I am a highly skilled AI researcher and Data Scientist with a Ph.D. in Mathematics/Statistical Learning from IMPA. My expertise encompasses machine learning, deep learning, and natural language processing. With a strong foundation in theoretical knowledge, I have successfully led and contributed to industry projects that have gained national recognition. I am passionate about leveraging AI to solve real-world problems and am dedicated to advancing the field through research and innovation.
Accurately predicting the volume of amniotic fluid is fundamental to assessing pregnancy risks, though the task usually requires many hours of laborious work by medical experts. In this paper, we present AmnioML, a machine learning solution that leverages deep learning and conformal prediction to output fast and accurate volume estimates and segmentation masks from fetal MRIs with Dice coefficient over 0.9. Also, we make available a novel, curated dataset for fetal MRIs with 853 exams and benchmark the performance of many recent deep learning architectures. In addition, we introduce a conformal prediction tool that yields narrow predictive intervals with theoretically guaranteed coverage, thus aiding doctors in detecting pregnancy risks and saving lives.
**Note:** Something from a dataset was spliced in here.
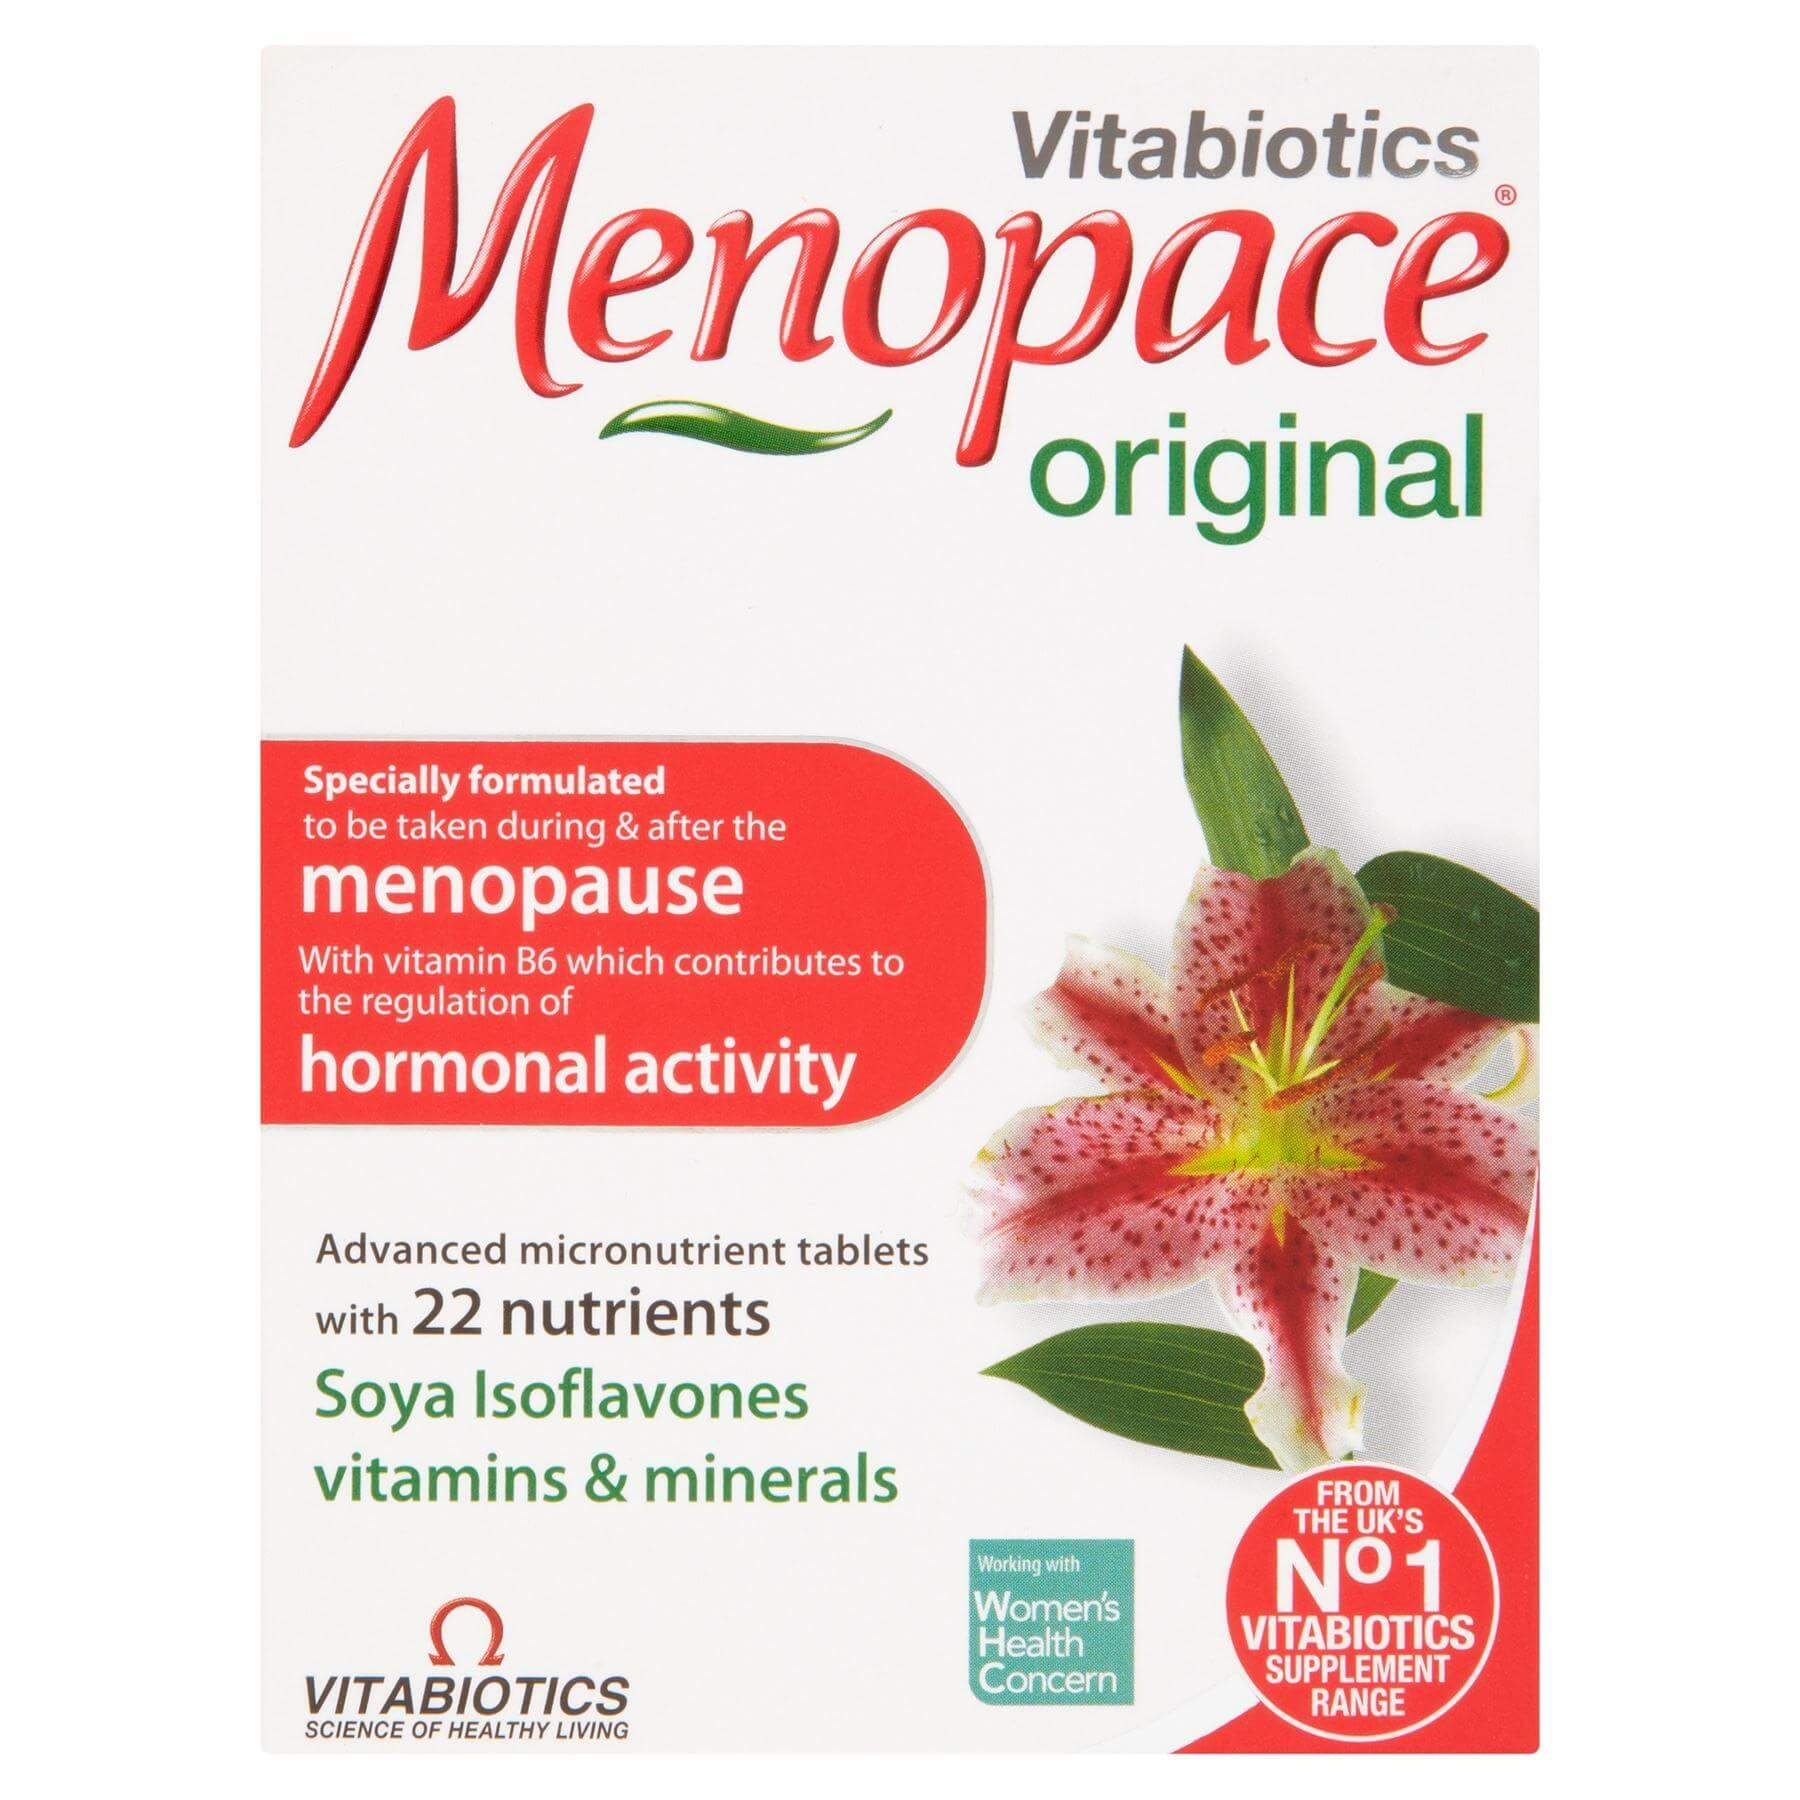 Vitabiotics Menopace Original Πριν Κατά Τη Διάρκεια Και Μετά Την Εμμηνόπαυση 30Caps

A successful case study of AmnioML deployed in a medical setting is also reported. Real-world clinical benefits include up to 20x segmentation time reduction, with most segmentations deemed by doctors as not needing any further manual refinement. Furthermore, AmnioML’s volume predictions were found to be highly accurate in practice, with mean absolute error below 56mL and tight predictive intervals, showcasing its impact in reducing pregnancy complications.
Split Conformal Prediction for Dependent Data
Roberto I. Oliveira, Paulo Orenstein, Thiago Ramos, and 1 more author
Split conformal prediction is a popular tool to obtain predictive intervals from general statistical algorithms, with few assumptions beyond data exchangeability. We show that coverage guarantees from split CP can be extended to dependent processes, such as the class of stationary β-mixing processes, by adding a small coverage penalty. In particular, we show that the empirical coverage bounds for some β-mixing processes match the order of the bounds under exchangeability. The framework introduced also extends to non-stationary processes and to other CP methods, and experiments corroborate our split CP’s coverage guarantees under dependent data.
ExactBoost: Directly Boosting the Margin in Combinatorial and Non-decomposable Metrics
Daniel Csillag, Carolina Piazza, Thiago Ramos, and 3 more authors
In Proceedings of The 25th International Conference on Artificial Intelligence and Statistics, 28–30 mar 2022
Many classification algorithms require the use of surrogate losses when the intended loss function is combinatorial or non-decomposable. This paper introduces a fast and exact stagewise optimization algorithm, dubbed ExactBoost, that boosts stumps to the actual loss function. By developing a novel extension of margin theory to the non-decomposable setting, it is possible to provably bound the generalization error of ExactBoost for many important metrics with different levels of non-decomposability. Through extensive examples, it is shown that such theoretical guarantees translate to competitive empirical performance. In particular, when used as an ensembler, ExactBoost is able to significantly outperform other surrogate-based and exact algorithms available.